Check out `moshi-finetune` Github repo to learn more: https://github.com/kyutai-labs/moshi-finetune/

## Installation

Clone the `moshi-finetune` repo:


In [None]:
%cd /content/
!git clone https://github.com/kyutai-labs/moshi-finetune.git

Install all required dependencies:

In [None]:
%pip install -r /content/moshi-finetune/requirements.txt

## Prepare dataset



In [None]:
from pathlib import Path

from huggingface_hub import snapshot_download

Path("/content/data/daily-talk-contiguous").mkdir(parents=True, exist_ok=True)

# Download the dataset
local_dir = snapshot_download(
    "kyutai/DailyTalkContiguous",
    repo_type="dataset",
    local_dir="/content/data/daily-talk-contiguous",
)

## Start training

In [None]:
# these info is needed for training
import os

os.environ["CUDA_DEVICE_ORDER"] = "PCI_BUS_ID"
os.environ["CUDA_VISIBLE_DEVICES"] = "0"

In [None]:
# define training configuration
# for your own use cases, you might want to change the data paths, model path, run_dir, and other hyperparameters
import yaml

config = """
# data
data:
  train_data: '/content/data/daily-talk-contiguous/dailytalk.jsonl' # Fill
  eval_data: '' # Optionally Fill
  shuffle: true

# model
moshi_paths:
  hf_repo_id: "kyutai/moshiko-pytorch-bf16"
  mimi_path: "tokenizer-e351c8d8-checkpoint125.safetensors"
  moshi_path: "model.safetensors"
  tokenizer_path: "tokenizer_spm_32k_3.model"

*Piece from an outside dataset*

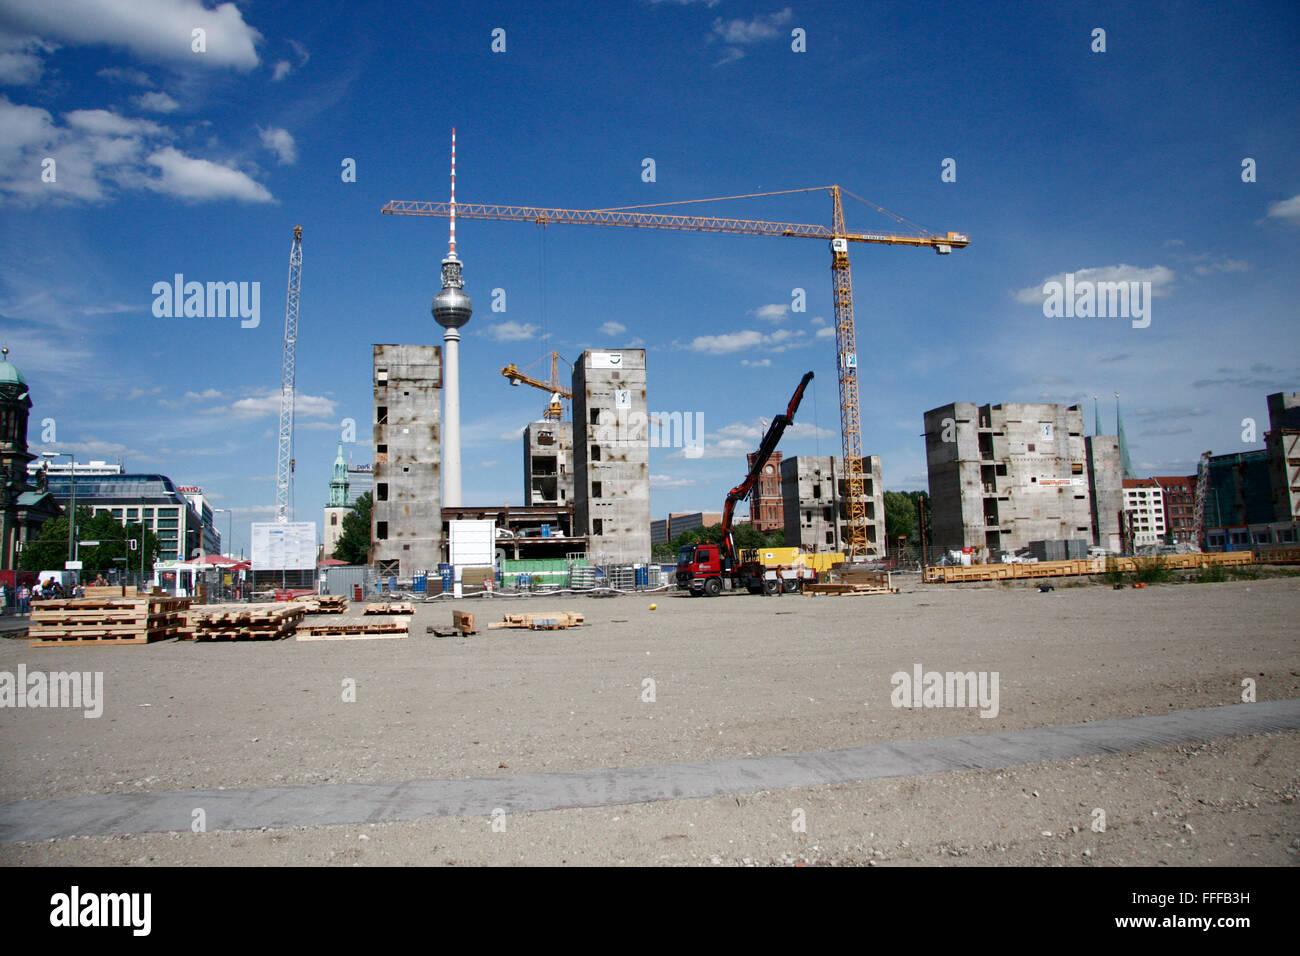 Ruine des Palastes der Republik im August 2008, Berlin-Mitte. - Stock Image
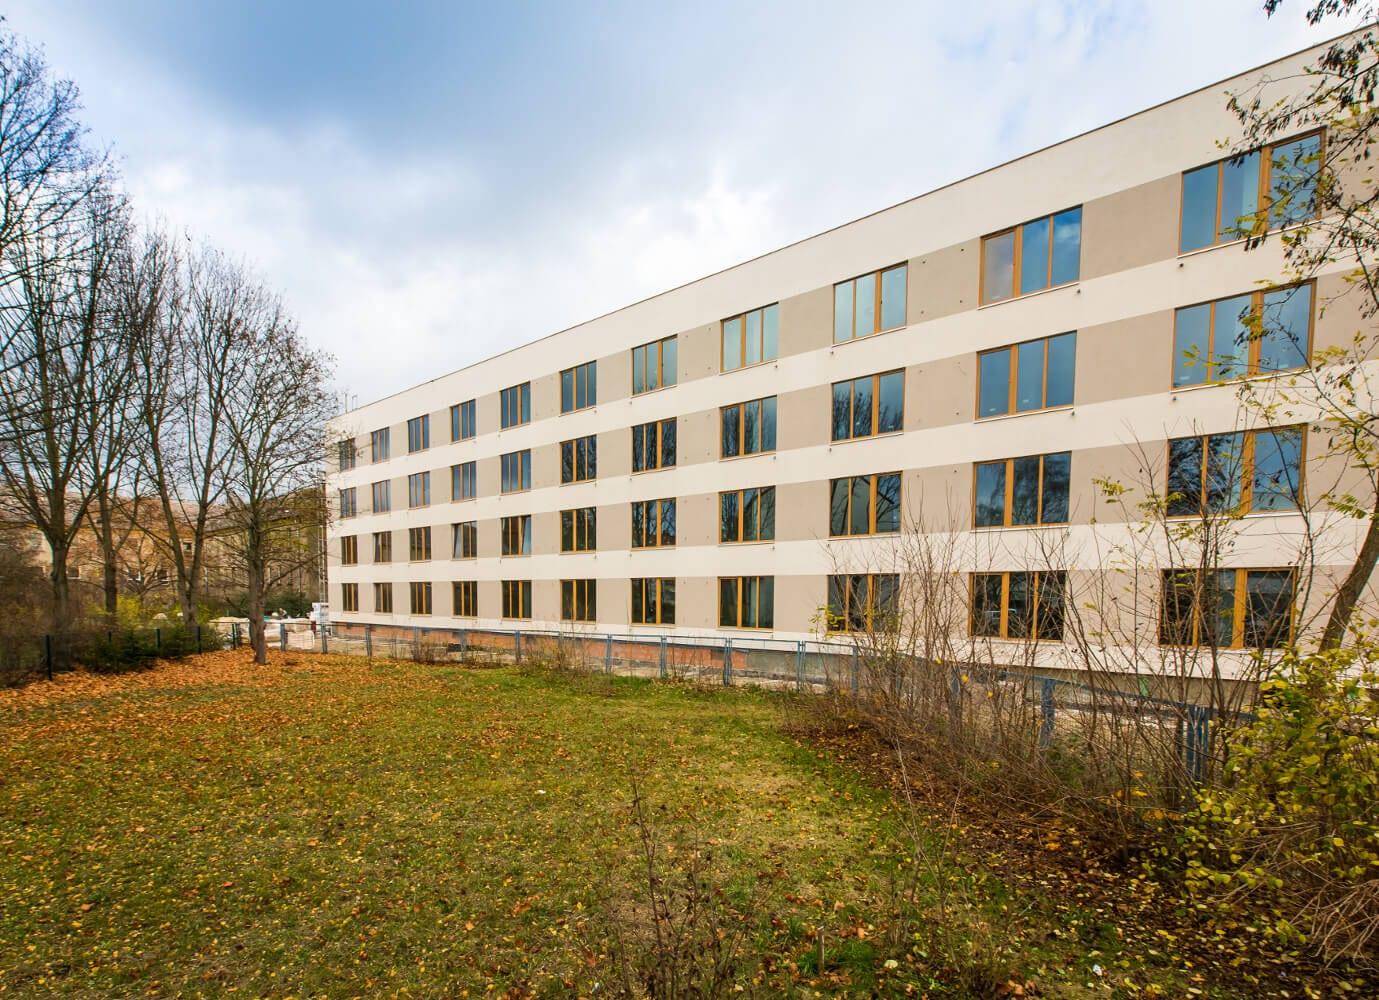 Das sanierte Gebäude des Bambus Campus. © NATURSTROM AG

full_finetuning: false # Activate lora.enable if partial finetuning
lora:
  enable: true
  rank: 128
  scaling: 2.

# training hyperparameters
first_codebook_weight_multiplier: 100.
text_padding_weight: .5


# tokens per training steps = batch_size x num_GPUs x duration_sec
# we recommend a sequence duration of 300 seconds
# If you run into memory error, you can try reduce the sequence length
duration_sec: 100
batch_size: 1
max_steps: 300

gradient_checkpointing: true # Activate checkpointing of layers

# optim
optim:
  lr: 2.e-6
  weight_decay: 0.1
  pct_start: 0.05

# other
seed: 0
log_freq: 10
eval_freq: 1
do_eval: False
ckpt_freq: 10

save_adapters: True

run_dir: "/content/test"  # Fill
"""

# save the same file locally into the example.yaml file
with open("/content/example.yaml", "w") as file:
    yaml.dump(yaml.safe_load(config), file)

In [None]:
# make sure the run_dir has not been created before
# only run this when you ran torchrun previously and created the /content/test_ultra file
# ! rm -r /content/test

In [None]:
# start training

!cd /content/moshi-finetune && torchrun --nproc-per-node 1 -m train /content/example.yaml

## Inference

In [None]:
!python -m moshi.server --lora-folder=/content/test/checkpoints/checkpoint_000300/consolidated/